In The Post-Modern, Deconstructed, Gritty-but-Sensitive Bear, Anne recalls what was my favorite issue of Bears on Text, number two. Of course, a cover drawn by me helps, but the real star of the show is Ed Emmer’s no-holds-barred pay-per-view all-singing, all-dancing clothesline-and-piledriver takedown wetjob on Tom Wolfe.

Sadly, it doesn’t appear to be online. It’s a shame, because Ed takes one look at that white suit and recognizes it as an invitation to sling the mud, blood, pee, puke, piss, and poo.

Actually, he is perfectly well-mannered in the essay, but O My Lord.

By the end of the essay every little nagging doubt you ever experienced while reading a Tom Wolfe essay, book, or novel (“hm, that’s kind of self serving. Oh well, it’s pretty witty.” or “heh, nice phrase. But wait, isn’t that a lie?”) has been outed, drafted, put through basic training, and rushed to the front.

Of course, it’s not as though Mr. Wolfe ever saw the thing, or that more than a couple of hundred other people ever did. But believe me, those of us who read it don’t see Wolfe as the court jester of the avant-garde, or even a standardbearer of the New Journalism. Nope, he’s a bootlickin’ toady, working with great vim to establish his title at a different court.

Ed’s a highly conceptual creator and part of his deal was that the piece be framed as an answer to a ballyhooed essay that Wolfe published around the time of “Bonfire of the Vanities” original publication, in which he laid out a “Painted Word” style assault on pomo writing in general, criticism and theory or otherwise (this part of the essay is well viewed as a companion to “The Painted Word”) and followed it up with a prescriptive towards The Great American Novel, in which he says, observe the world and write what you see, as Zola did.

Which is fine, even deep advice.

Well, I’m going on and on about something you’ll never get to read, that execrable old-school rock-critics trick, so I should shut up now.

However, Anne asked my to scan and post some material from BOT 1, and I also have the prep-work for the cover.

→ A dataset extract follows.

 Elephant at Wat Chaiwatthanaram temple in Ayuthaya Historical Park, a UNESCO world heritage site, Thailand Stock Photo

First, Gus (The old perfesser, I think) cribbed a sketch by his brilliant collaborator Tim Hittle and captioned it as you see at the top of this entery: “Bears on Text, the magazine with GUTS,” atop a cheerfully smiling view of viscera.

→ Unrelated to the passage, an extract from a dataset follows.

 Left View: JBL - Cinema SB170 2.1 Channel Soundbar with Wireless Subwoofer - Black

The cover to BOT 2 was by yours truly. It began life as marginalia in my notes on Hellenistic art theory (you see, “Plotinus rejects symmetria” – he does, too, arguing in favor of emanation, a doctrine, as it happened, that fit the rhetorical needs of early Church fathers such as Constantine, which is why I know now who Plotinus is, see).

Little rats, and a bear eating a burger and a shake.

When he made it to the cover, he got a dunce cap, for who knows what reason (perhaps he’s played the fool?) and as Anne notes, I inscribed the words “Glasnost for all but US and Panama” along the interior border. I don’t know why. I suspect it was a comment on the US invasion of Panama under Poppy (in hindsight some kind of dry run for the events of the past two weeks – are there other odious men the Bush family seated once and shall now redress? Not for eighteen months or so, I bet) and the desire for change here at home I felt, watching the reforms begin in the East. But it was really just some toss off, a casual, contextless remark that I can’t accurately situate.

There is also an arrow on the cover pointing to a blank spot labeled “tape.” For no particular reason, I was really into visually-evident paste-up as a design element at the time.

(If you don’t know what paste-up is, you may have had trouble following my remark about Panama, above. Panama was a famous song by Van Halen in the eighties.)

For this cover, I used masking tape to put the pieces in place on the board – something that did not reproduce in the final edition, to my disappointment.

I had fun with a real wowser of a copier located near the fine-art library, though – all-digital, this baby could halftone, invert, and zoom up to several hundred percent, most of which I did in getting the image large enough to use and clear enough to reproduce via conventional photocopier.

2 thoughts on “My Favorite Bear

  1. Thanks for the insights on the bear. I remember that copier in the Fine Arts building, it was awesome. This also explains the huge dots that make up the bear on the cover–enlarged xx times.

  2. Yes, I too took advantage of that amazing copier. I think everybody who was silkscreening did…! I had forgotten all about that. There was also one in the main library, I think — it was just inside the door on some odd floor or something. No — it was in the political science library, I think… (And if this is all in caps, the compute did it, not me! Unschuldig.)

Comments are now closed.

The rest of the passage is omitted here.